Current Location: Cariati, Italy
Current Position: 39 30.28 N 016 56.44 E Click to view map.
Distance sailed since last post: 58 nautical miles. View the map of our voyage track here

Sorry about the long delay in getting this post up! Yes, we are actually now in Edmonton, Canada, and have been for almost 3 weeks. But you know how it is.

Actually, how it is, is that each time we go back to Canada for the winter we seem to get sick. Usually a nasty cough with a fever that just seems to hang around. And this time was no different. But I think and hope that we are on the mend again and can start to enjoy the charms of Edmonton. You know: Minus 20 deg outside. Plus 20 deg inside with air so dry it turns your nose into sandpaper. A monotonous flat landscape with nary a feature of interest in sight. And lots of large malls in which to go shopping. Well, what else do you do here?

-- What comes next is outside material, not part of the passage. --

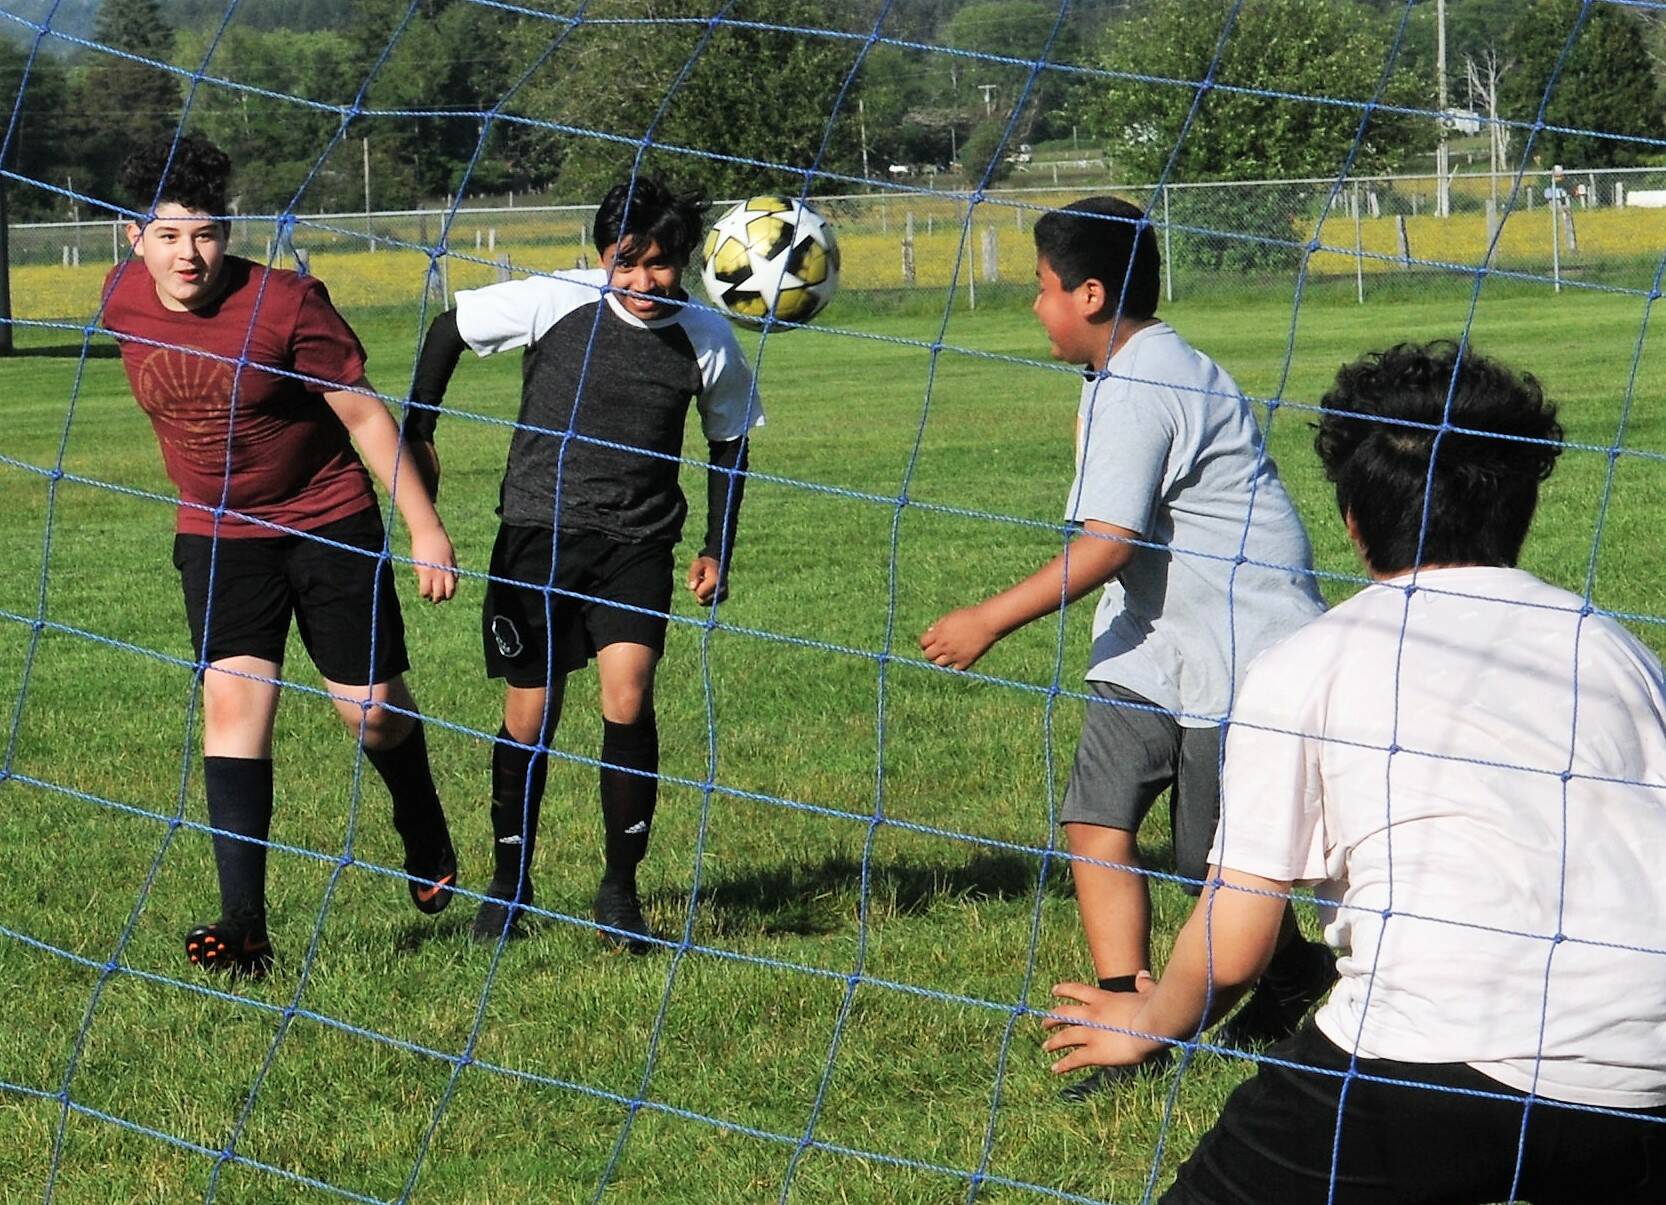 Not to be confused with the Red Dragons, the 10 to 14-year-old Dragons were having fun in the sun as they prepared for the soccer season. Photo by Lonnie Archibald.

But I digress. I was going to tell you about our hauling out saga – and our new batteries!

From Gallipoli we sailed across the Gulf of Taranta (the town after which a certain spider was named) to arrive in Crotone just before a big storm that was forecast. The expectation was for 5 meter waves from the SE, so we figured we had better duck into the marina for a couple of days. Even then it was still pretty lumpy.

Once it had settled we nipped around to the other side to get hauled out by Elio in Porto Vecchio. We had a couple of day’s wait, but that allowed us to charge up and install my brand spanking new Lithium batteries! It is amazing how much smaller and lighter these are. And by virtue of the fact that they can be discharged much lower than lead acid, we need only a 300Ahr battery to replace our 600Ahr AGM’s. How nice to have some power available again!

Then came the haul out.

Now, Elio has a crane, not a travel lift. The crane has spreader bars, so the idea is simple, you put the hook and spreader bars behind the mast and run two straps under the boat, one forward of the keels and one aft. Then you lift.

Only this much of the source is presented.